Table 5. Variables independently associated with QOL and psychopathology (stepwise multiple regression analysis)



Discussion

This cross-sectional study found no direct impacts of the transplant type on the QOL or affective symptoms of patients. The main finding of the current study was that allogeneic transplant recipients with GVHD symptoms had a significantly poorer somatic status and more somatic complaints associated with transplantation and received more immunosuppressive treatments, impairing their QOL. Our results also indicated more severe depression with higher constant anxiety levels in patients with GVHD than those without GVHD, suggesting that GVHD significantly impacts the affective symptoms of allogeneic transplant patients through functional deficits and “somatic burden”. Our results confirmed the reported association between impaired QOL, symptom burden, and functional deficits derived from GVHD and affective symptoms in allogeneic recipients experiencing GVHD^5,8,18,31,33. In earlier studies, depressive and anxiety symptoms were identified as significant risk factors for QOL deterioration after HSCT, indicating that depressed patients perceived their QOL to be poorer^20,24. The present study confirmed this relationship in both allogeneic and autologous transplant patients, demonstrating that negative perceptions of QOL are independent of the transplant type. This negative perception among patients experiencing severe and enduring somatic symptoms caused by GVHD could increase the likelihood of depressive symptoms and, in turn, may influence different aspects of QOL. Comparisons between autologous and allogeneic patients with and without GVHD symptoms also allude to this association. Our findings indicate similar QOL and psychosocial functioning in autologous and allogeneic transplant patients without GVHD symptoms. Allogeneic transplant patients with GVHD symptoms had more depressive symptoms than autologous patients. Furthermore, allogeneic transplant patients with GVHD symptoms had worse QOL than those without GVHD symptoms. A longitudinal study is warranted to explore this association in depth.
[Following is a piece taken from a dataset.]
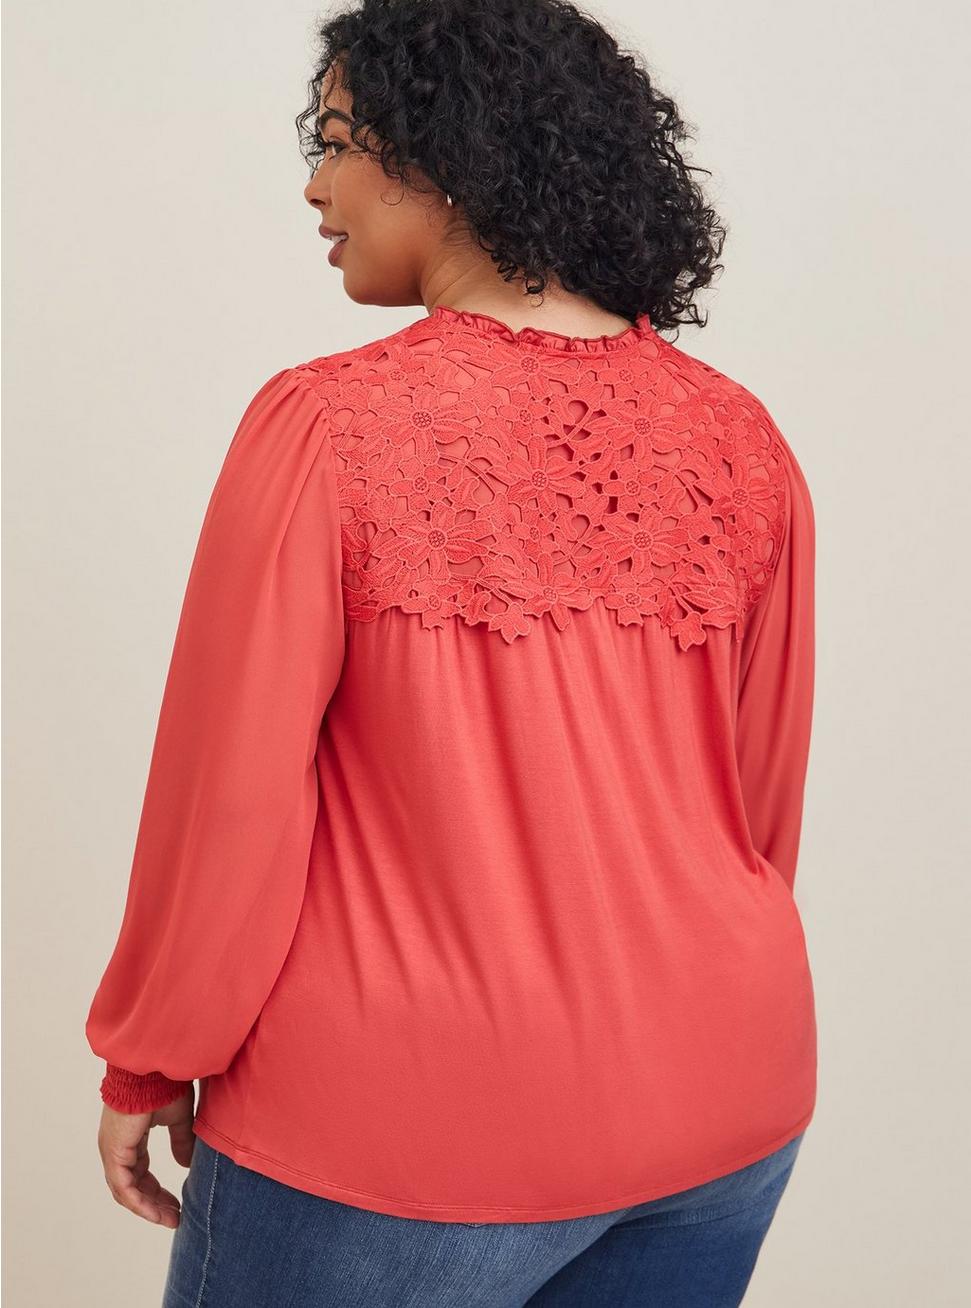 Super Soft Chiffon Sleeve Lace Inset Tie Detail Top , BAKED APPLE, alternate

These findings are consistent with the conclusion summarized in a previous paper34, showing that allogeneic patients with GVHD and depressive and anxiety symptoms constitute a highly vulnerable population for poor functioning, impaired QOL, and HCST-related mortality.

This study has methodological limitations that should be acknowledged. The main limitation was its cross-sectional design, which precluded investigation of the causality of associations between the risk factors in the trajectory of recovery. The sample size was also relatively small in view of the number and variety of clinical conditions that necessitate HSCT. As a clinical population, the study sample showed heterogeneity in certain aspects (age, psychosocial factors, medical variables), but these differences did not influence the results. Additionally, some data were missing for a few patients.